> Task requirements:
In the listing that follows, the range to quote begins at the line that has "BRAKING NEWS: Air" and ends after the line that has "Green And Red"; quote it verbatim and add nothing.

> Exercise inputs:
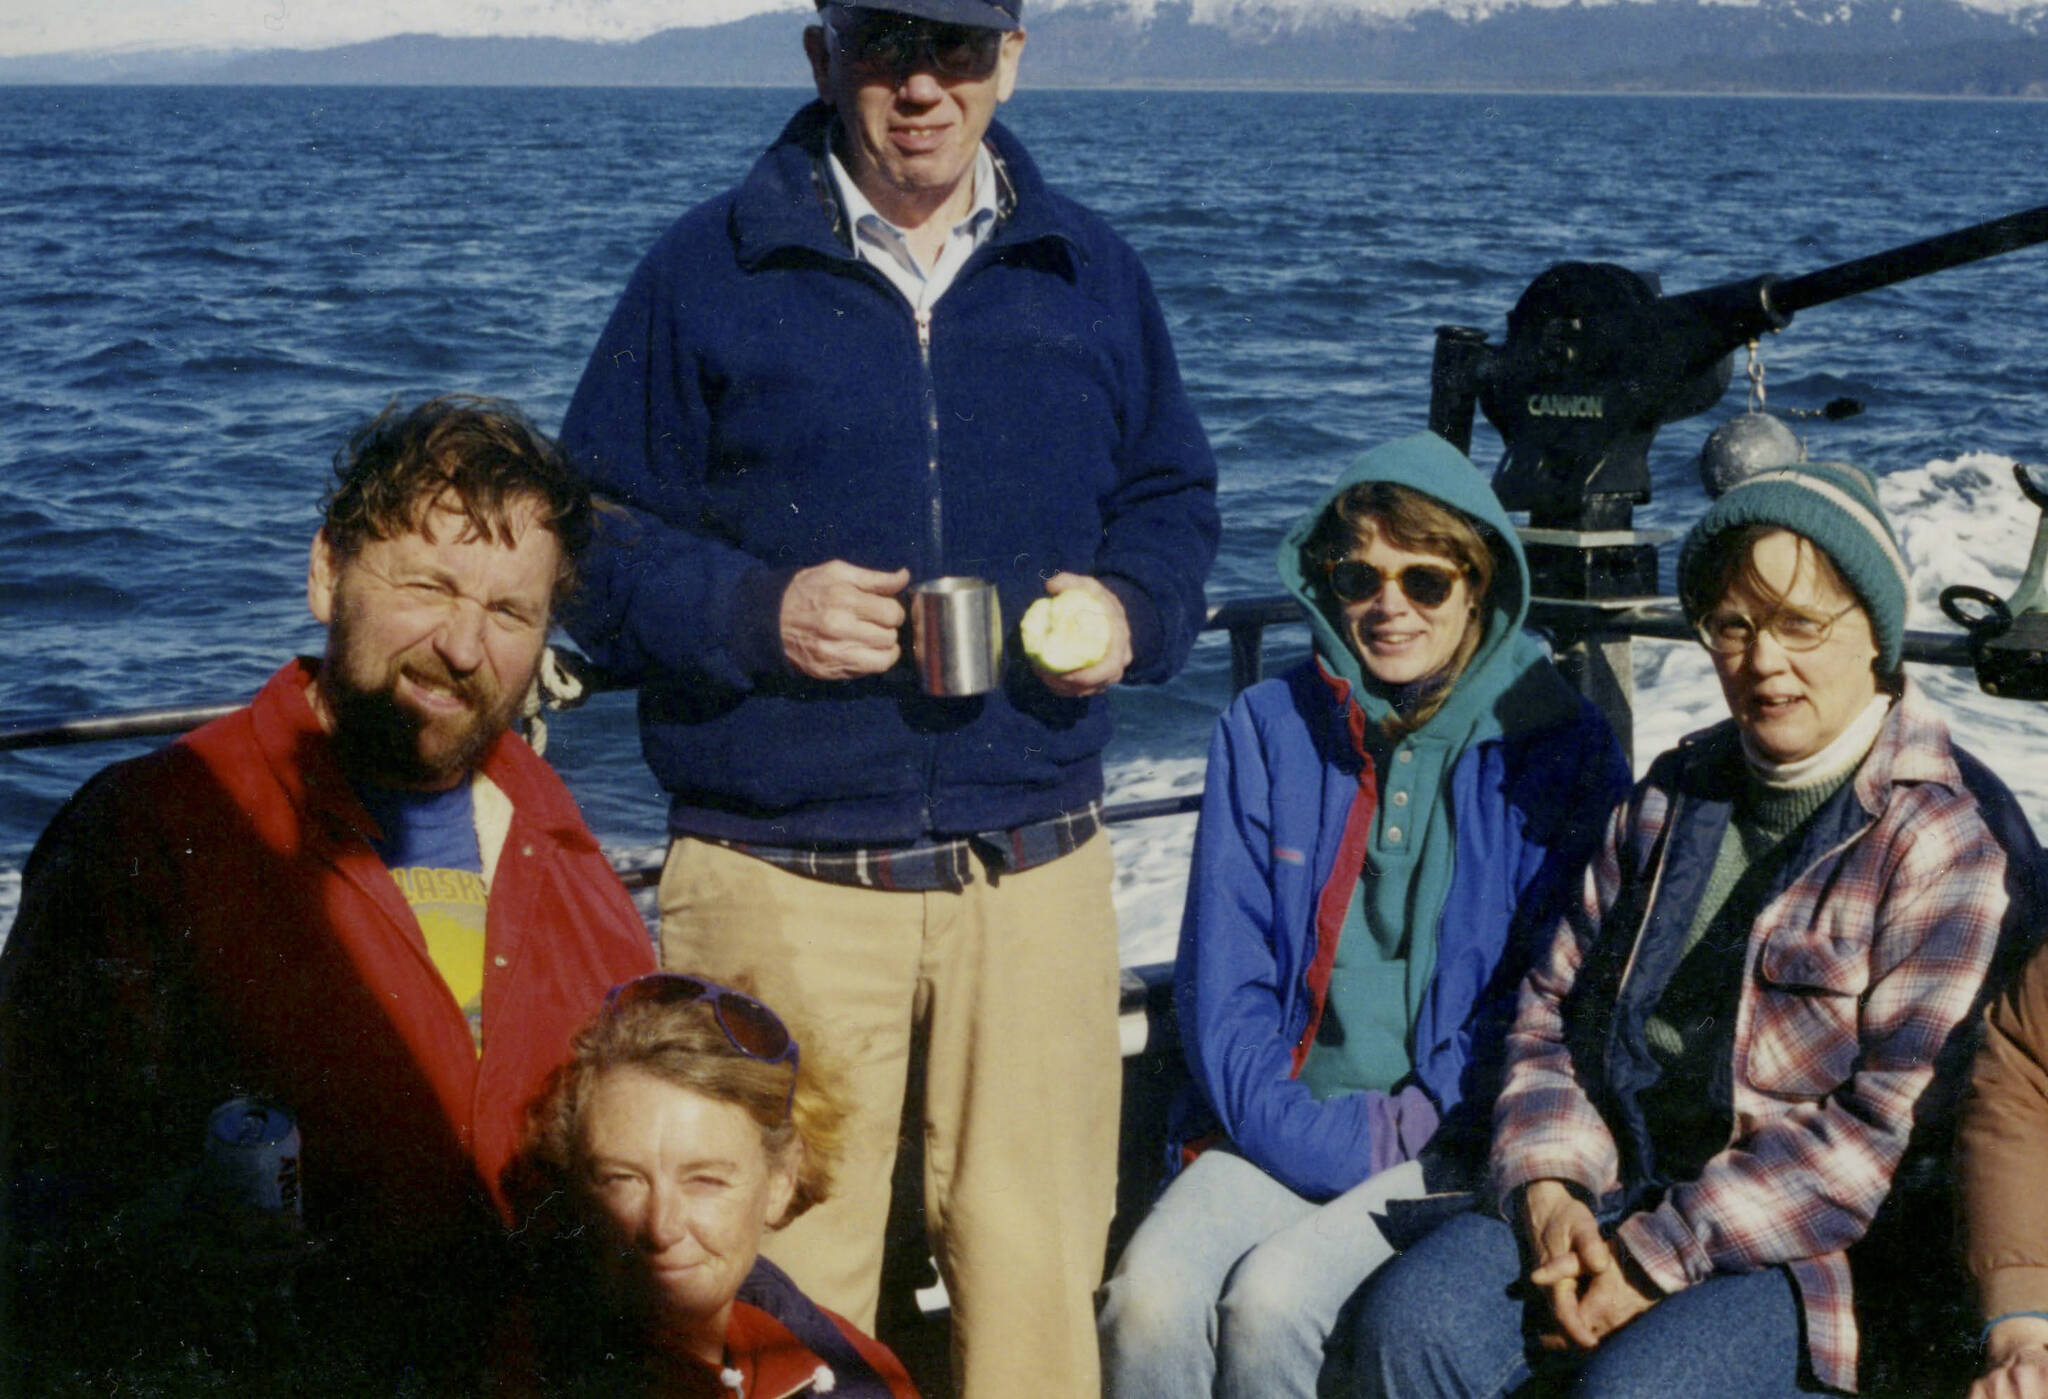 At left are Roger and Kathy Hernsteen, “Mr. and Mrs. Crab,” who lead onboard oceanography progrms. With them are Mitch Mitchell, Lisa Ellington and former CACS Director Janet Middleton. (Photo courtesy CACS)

* * *

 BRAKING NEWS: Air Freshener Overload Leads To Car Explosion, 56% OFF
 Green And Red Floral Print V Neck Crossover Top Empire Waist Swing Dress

> Worked solution:
 BRAKING NEWS: Air Freshener Overload Leads To Car Explosion, 56% OFF
 Green And Red Floral Print V Neck Crossover Top Empire Waist Swing Dress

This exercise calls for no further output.